### Collected material
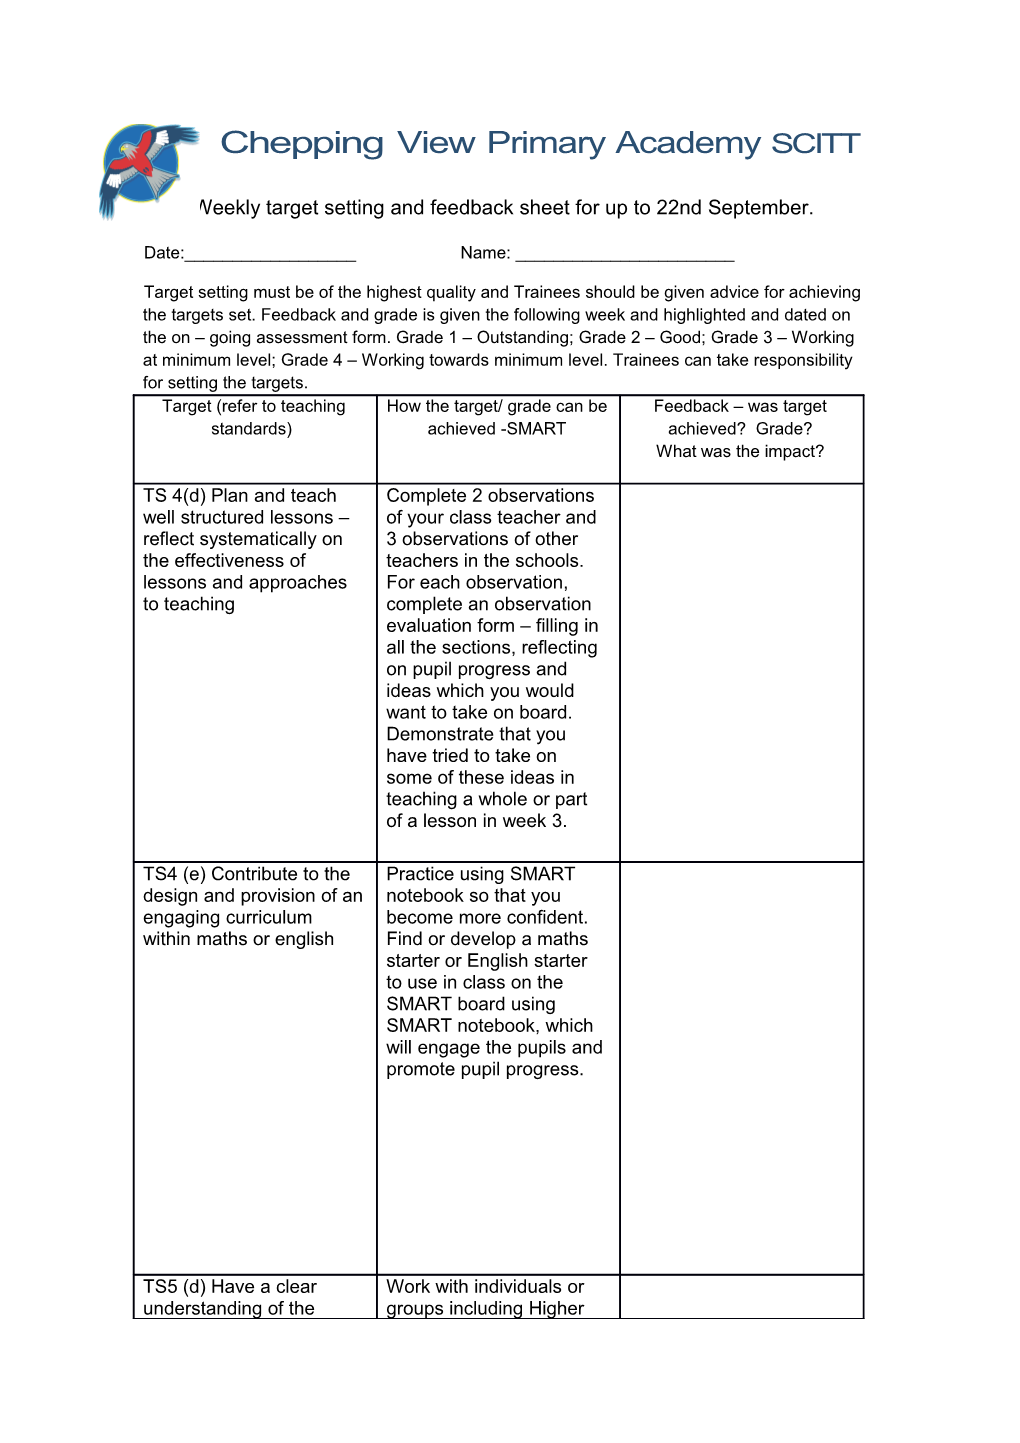 Weekly Target Setting and Feedback Sheet for up to 22Nd September
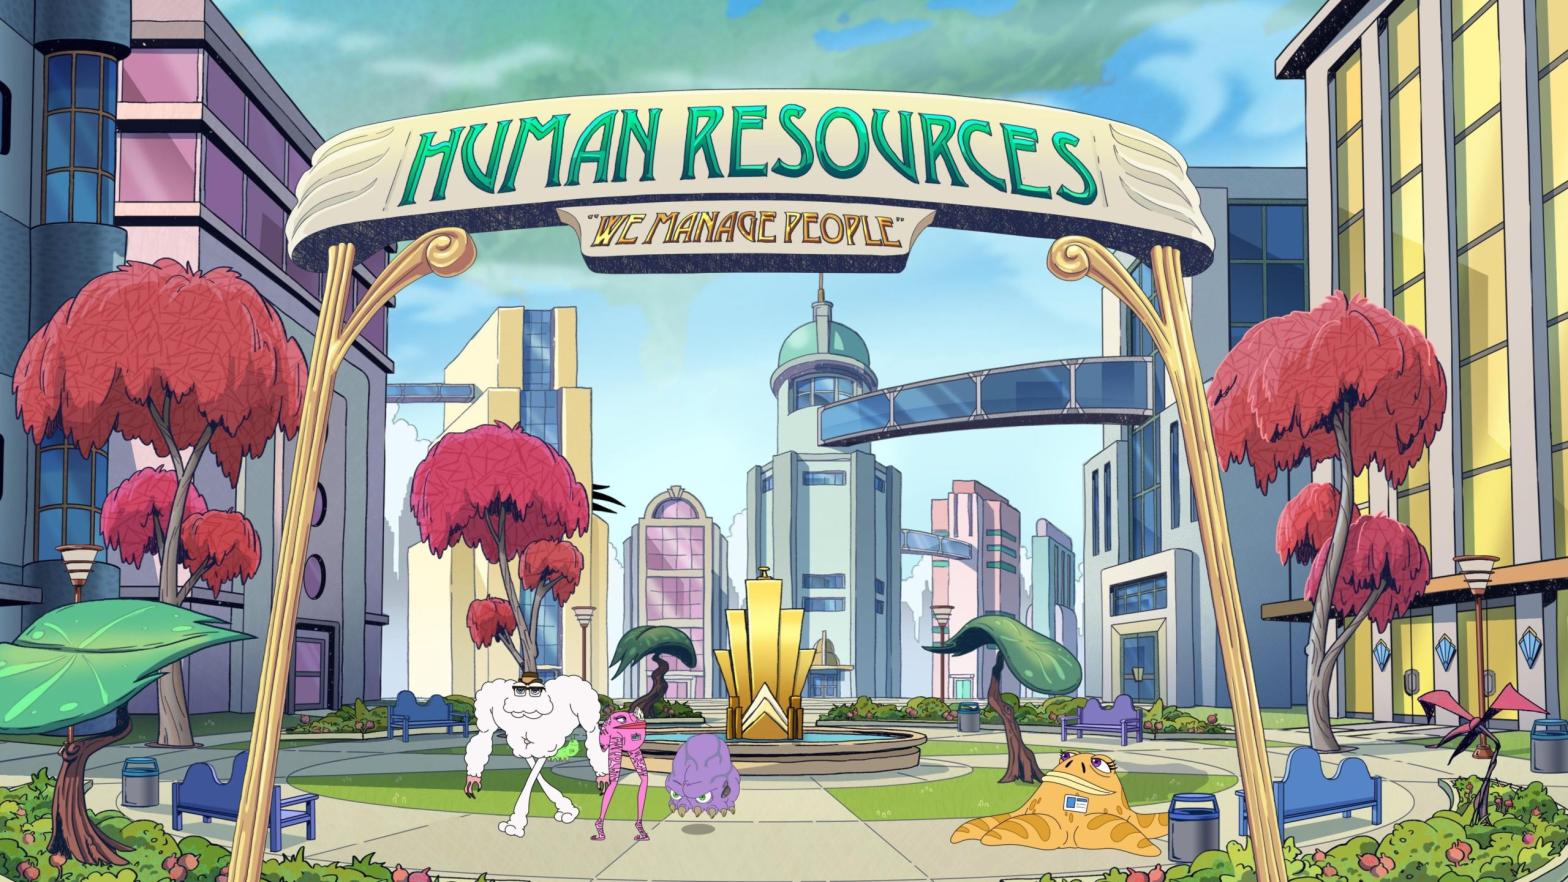 Welcome to Human Resources, which takes on a slightly different meaning here. (Image: Netflix)
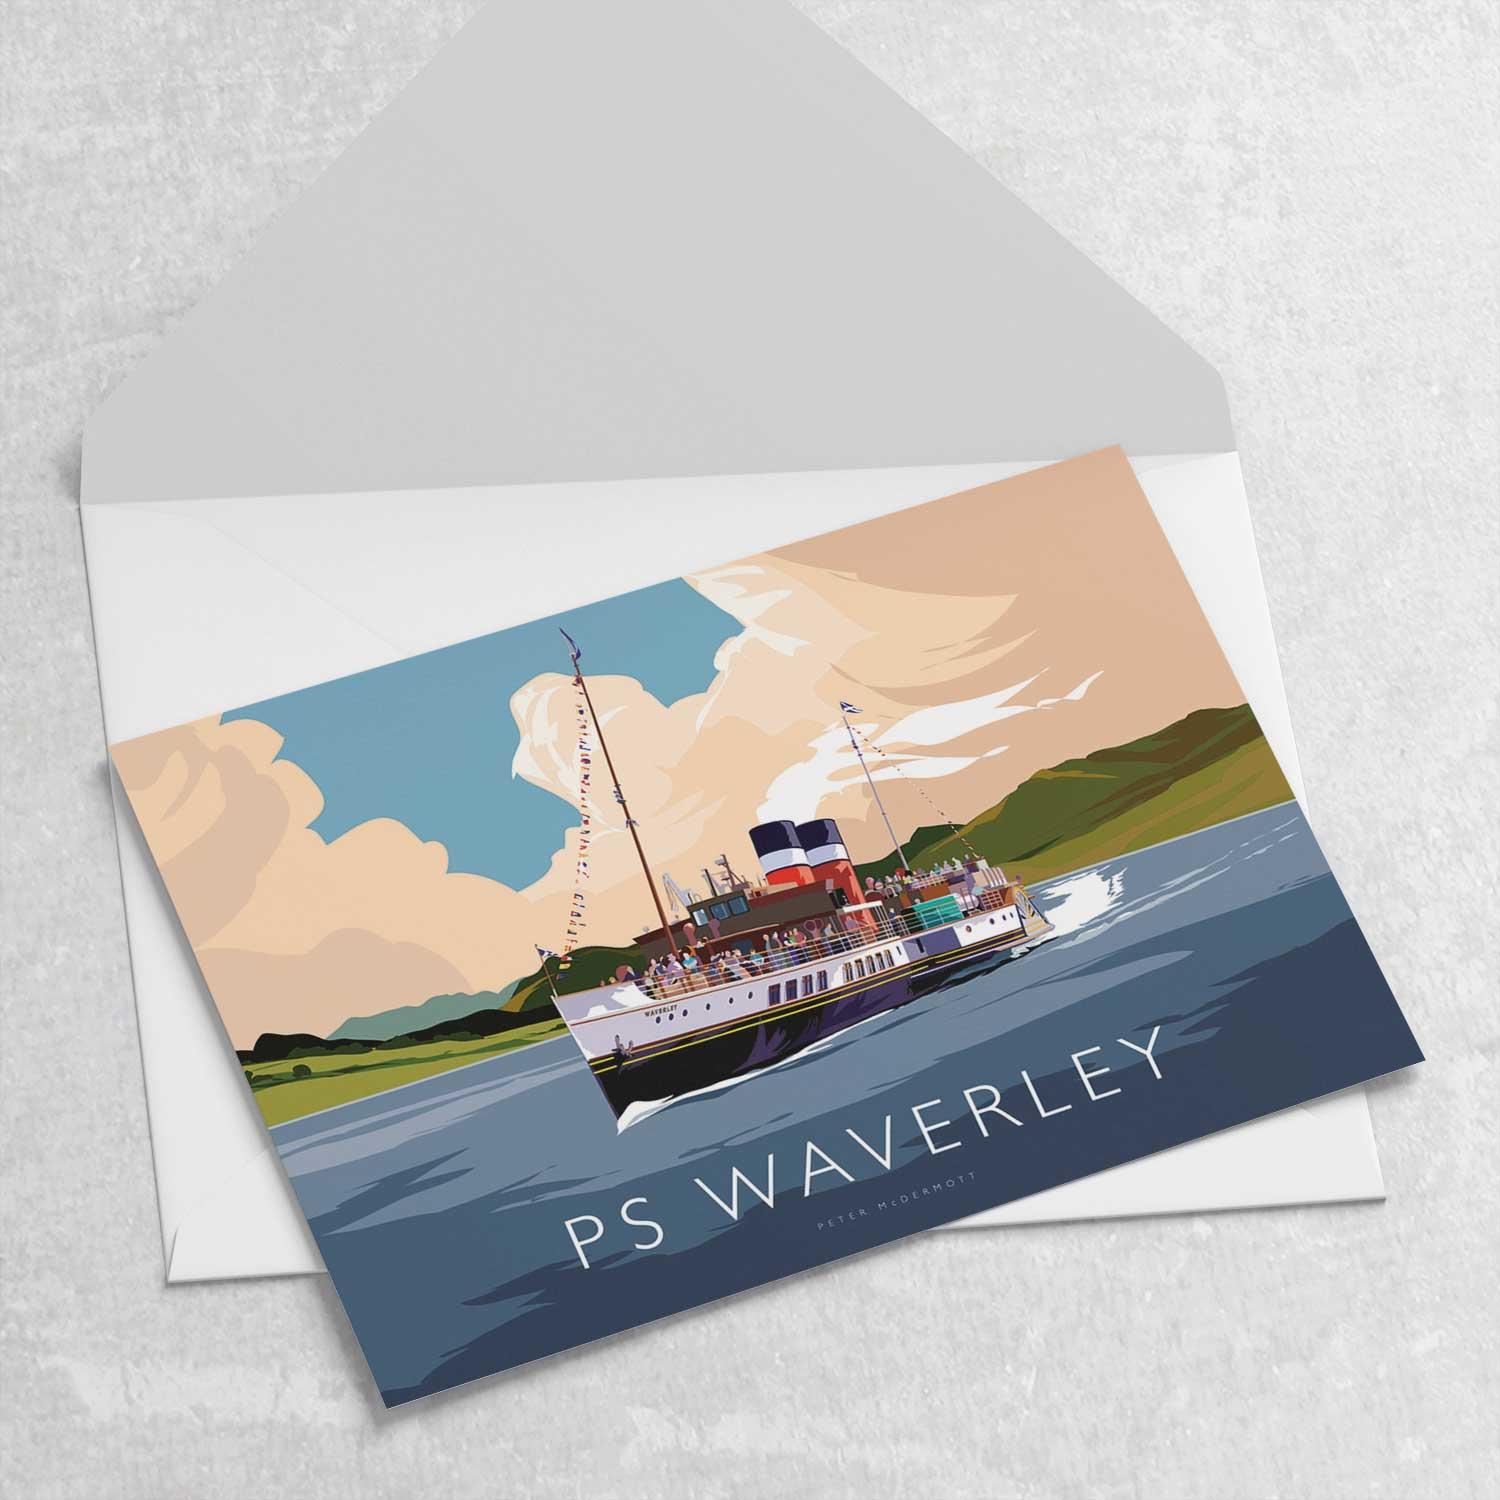 PS Waverley Greeting Card from an original painting by artist Peter McDermott

### What you have to do
Would you output the full listing exactly as it stands, minus the images?

### Answer space
 Weekly Target Setting and Feedback Sheet for up to 22Nd September
 Welcome to Human Resources, which takes on a slightly different meaning here. (Image: Netflix)
 PS Waverley Greeting Card from an original painting by artist Peter McDermott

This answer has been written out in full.